- Born: Candice Ann Falzon 13 March 1985 (age 40) Sydney, New South Wales, Australia
- Occupation: Former ironwoman
- Notable work: I'm a Celebrity...Get Me Out of Here! (Australian TV series)
- Height: 5 ft 7 in (170 cm)
- Spouse: David Warner ​(m. 2015)​
- Children: 3

= Candice Warner =

Australian ironwoman, surf life saver, and model

Candice Ann Warner (née Falzon; born 13 March 1985) is an Australian retired professional ironwoman and surf life saver.

== Ironwoman ==
Candice first competed professionally at the age of 14 in the Ironman series. At 16 she was a NSW state ironwoman champion. In January 2008, she qualified for a spot in the 2008 Nutri-Grain Ironman & Ironwoman Series.

==Television appearances==
Candice appeared on the 2008 series of It Takes Two, supporting the Beyond Blue charity but was eliminated sixth on 1 April 2008. Her mentor was Anthony Callea.
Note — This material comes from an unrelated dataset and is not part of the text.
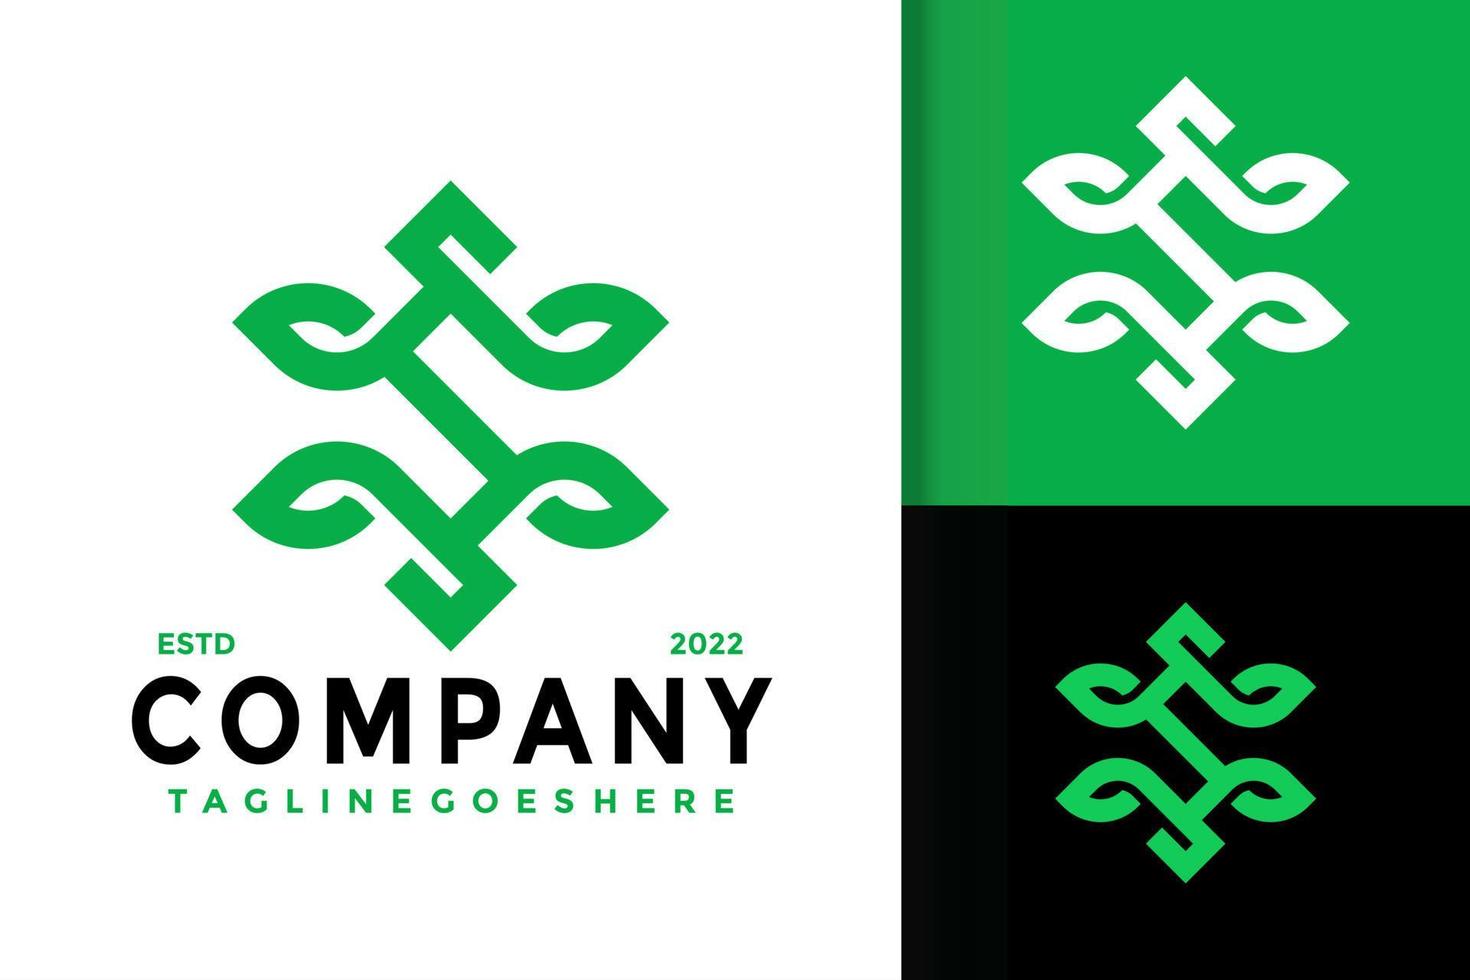 création de logo d'entreprise feuille nature lettre s, vecteur de logos d'identité de marque, logo moderne, modèle d'illustration vectorielle de dessins de logo

She was the subject of the Australian Story program on 9 June 2008.

In 2017, she appeared as a celebrity contestant on the Australian version of Hell's Kitchen. She came in tenth place, and the first one was eliminated.

In 2020, it was announced she would be participating in the Seven Network's reality program SAS Australia: Who Dares Wins.

She has been a regular panelist on The Back Page in 2022 and 2023.

In March 2024, she was announced as a celebrity contestant on the tenth season of I'm a Celebrity...Get Me Out of Here! . On 11 April 2024, Warner was the second celebrity to be eliminated; she came in 11th place.

==Book==
In April 2023, Warner released a memoir entitled Running Strong.

==Personal life==
Warner was born in Sydney, in the suburb of Maroubra. She is of Maltese heritage. She is the wife of Australian cricketer David Warner since 2015. They had their first child (a daughter) on 11 September 2014 and a second daughter on 14 January 2016 and a third daughter born on 30 June 2019. They live in Sydney.

Warner was previously in high-profile relationships with sporting stars such as Braith Anasta, Matt Henjak, Matt Poole, Brent Staker, Anderson Luis de Abreu Oliveira, David Carney and Marcos Baghdatis. She was also in a brief relationship with British comedian David Walliams.